Jason: I have had feelings throughout my recovery of feeling alone. It’s weird to say that, because I have been surrounded by my family all along. But there’s something inherently isolating about recovery from a brain injury. There’s so much that no one can tell you, because it’s different for everyone. There’s so much that’s just unknown. So I would feel frustrated, at times — and I would feel like I couldn’t really express these feelings of loneliness to my family. At the same time, I knew how well intentioned they were. So that would cause me some anguish.
It’s also extremely frustrating to be thirty-five years old and to be taken care of so much. I couldn’t go anywhere by myself for the longest time. In fact, the first thing I was “allowed” to do on my own was to go to the corner store in the morning and buy the paper. I was so thrilled to finally be on my own, even if it was just for one city block. Much later I was told that my dad actually followed me to the store and back! Looking back on it now, I think it’s kind of cool that he did that.

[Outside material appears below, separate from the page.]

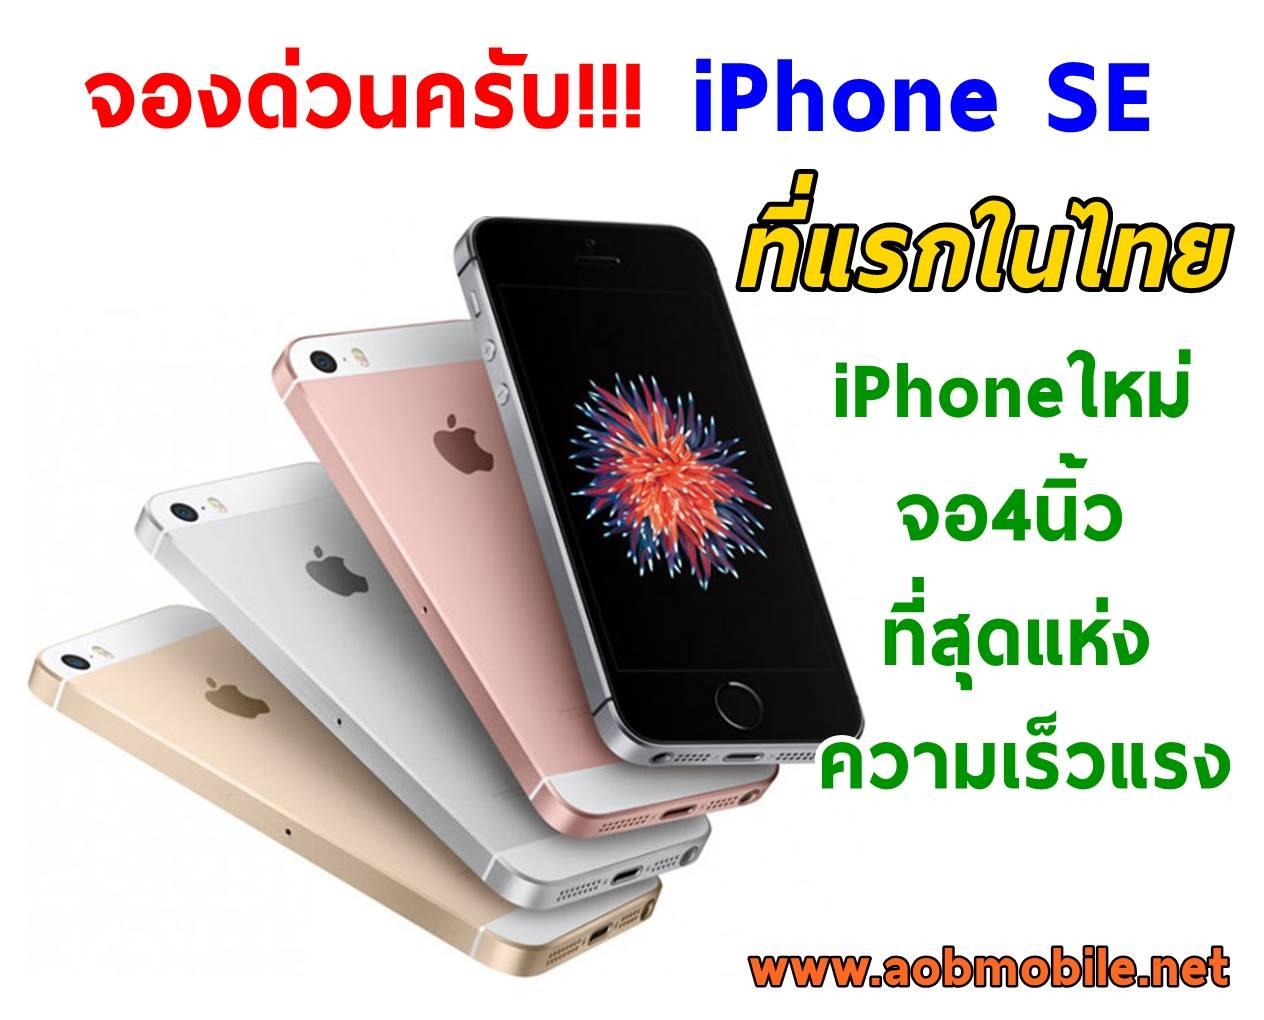 12901442_1140917665941266_3655347960494301520_o

I think when I first came home, I was not aware enough to feel true frustration at my limitations. My mind was operating only in the present moment — I didn’t have much ability to retain information for very long. So I just didn’t think to get frustrated at that time — I just went from thing to thing — exercises, eat, nap, therapy, eat, nap, doctor, eat, tv, bed. I had no sense of the big picture of the whole thing. Later, when I recovered more awareness, I would get very frustrated at my limitations. My issues with fatigue drove me crazy — they still do! The fact that I often had to just stop what I was doing to go lie down and take a nap was a real drag to me. My issues with my eyes — the strabismus, double images — made it so that I couldn’t drive for a long time. So I always needed to be taken places by someone. That kind of dependency really drove me crazy.
Getting through the frustration — there were always different approaches to dealing with it. Always at the end of the day I would come back to realizing that I was surrounded by a lot of people who really cared about me. I would try just getting out of my head, switching gears, doing something else, putting on some music, calling a friend — anything to not dwell on the frustration. Because deep down I always believed, and I still do, that any limitation I have is temporary. Some of the darkest moments for me were when I would have little “fear attacks” — when I would all of a sudden freak out and think “what if I can’t recover anymore? What if this is the best I can do?” And then inevitably it would change; I would get determined again — it’s something about how I’m wired. So the real answer to this part of your question is that I think there was something in me that refused to let any frustration I was feeling impede my recovery. If I felt frustrated, I had to let it go after a certain amount of time, because it was ultimately unproductive.
And humor. My family and I can be pretty insanely ridiculous when it’s just us around. I can’t explain it, because it won’t make any sense. Just trust that it’s true. Humor was, and is, a huge salvation!